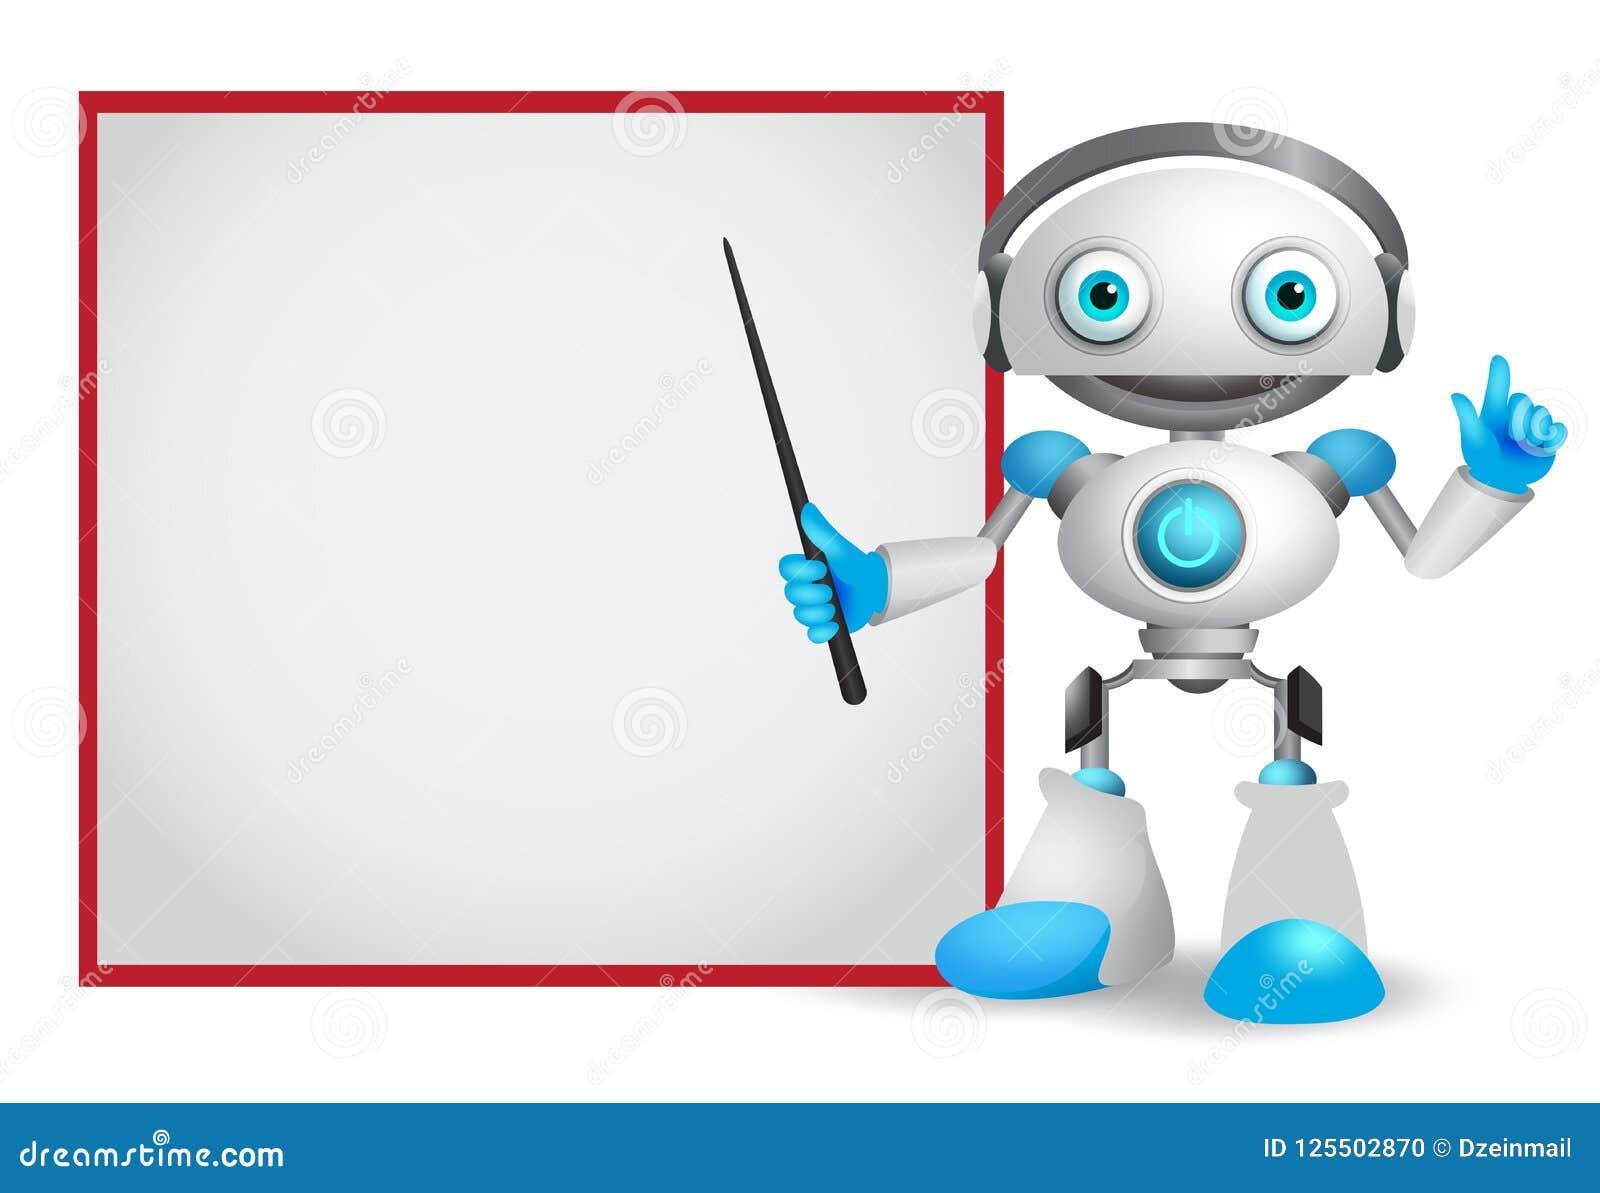 Illustrazione di vettore del carattere del robot con il gesto amichevole che insegna o che mostra alla tecnologia
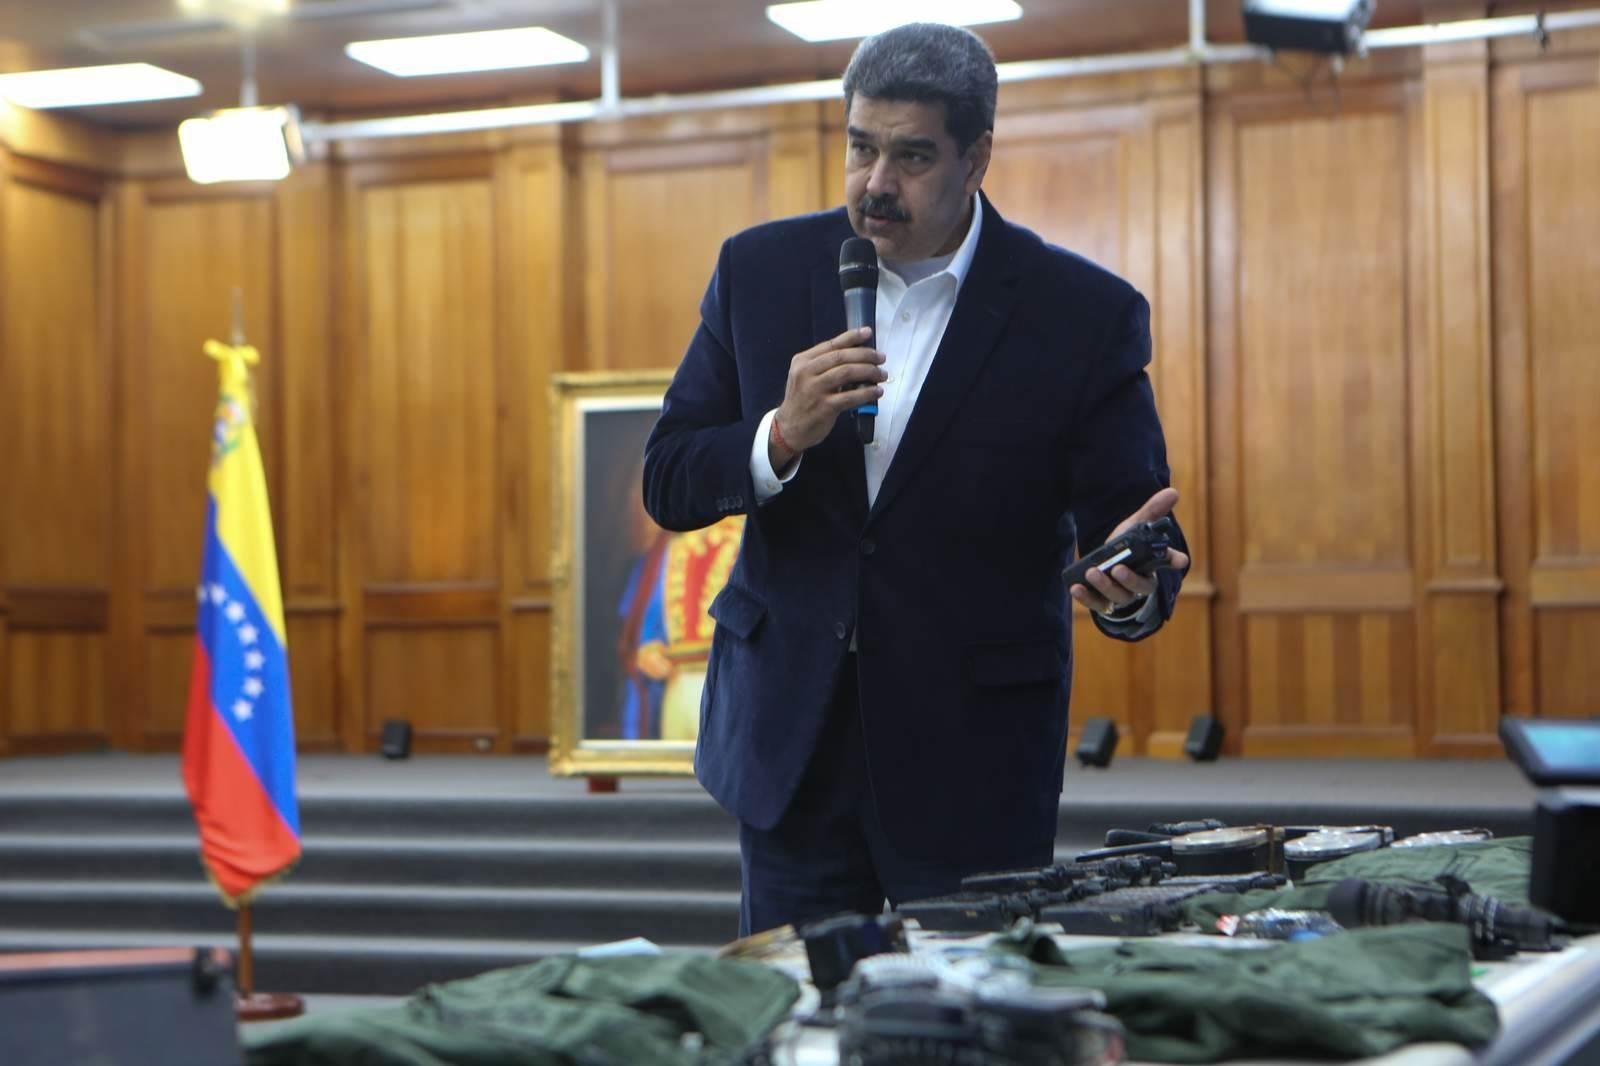 بعد إحباط فنزويلا محاولة غزو.. مسؤول في الكونغرس يطالب إدارة ترامب بتوضيحات
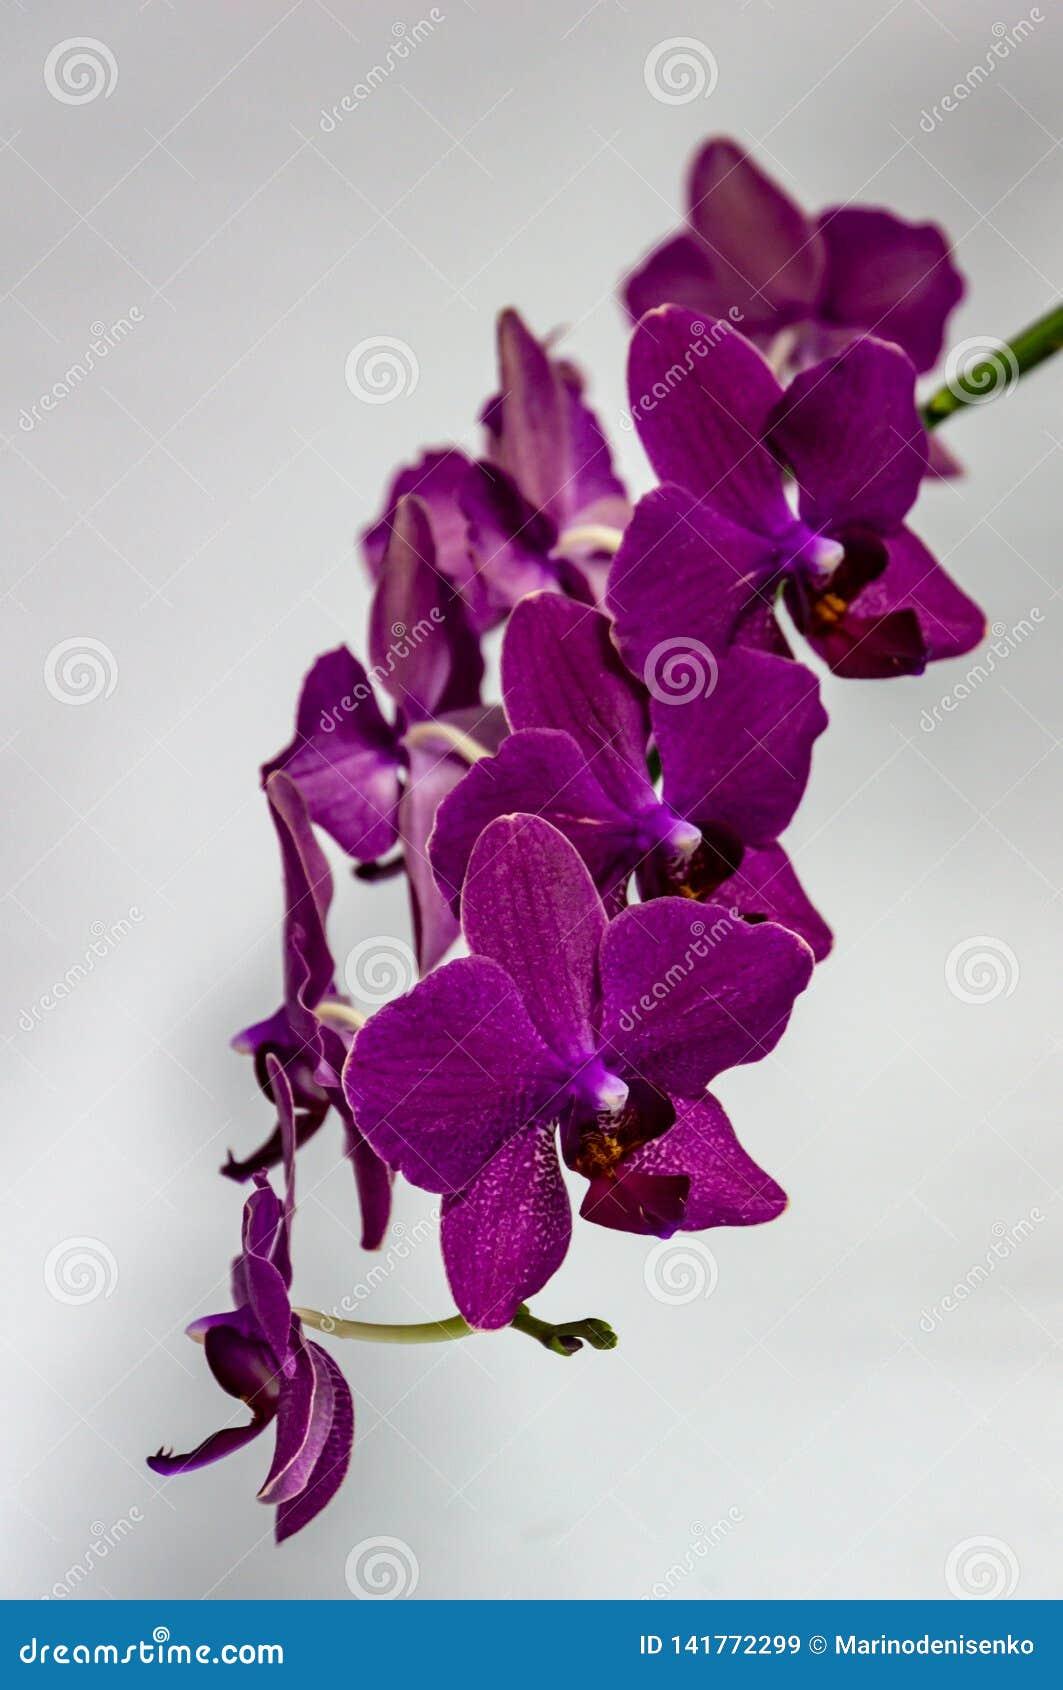 Niederlassung schönen dunklen purpurroten Orchideenblume Phalaenopsis, Schicksal bekannt als die Motten-Orchidee oder Phal, auf w
######
● **The problem**
In the copy, omit the pictures and give every line of the data exactly.

● **Solution for this problem**
 Illustrazione di vettore del carattere del robot con il gesto amichevole che insegna o che mostra alla tecnologia
 بعد إحباط فنزويلا محاولة غزو.. مسؤول في الكونغرس يطالب إدارة ترامب بتوضيحات
 Niederlassung schönen dunklen purpurroten Orchideenblume Phalaenopsis, Schicksal bekannt als die Motten-Orchidee oder Phal, auf w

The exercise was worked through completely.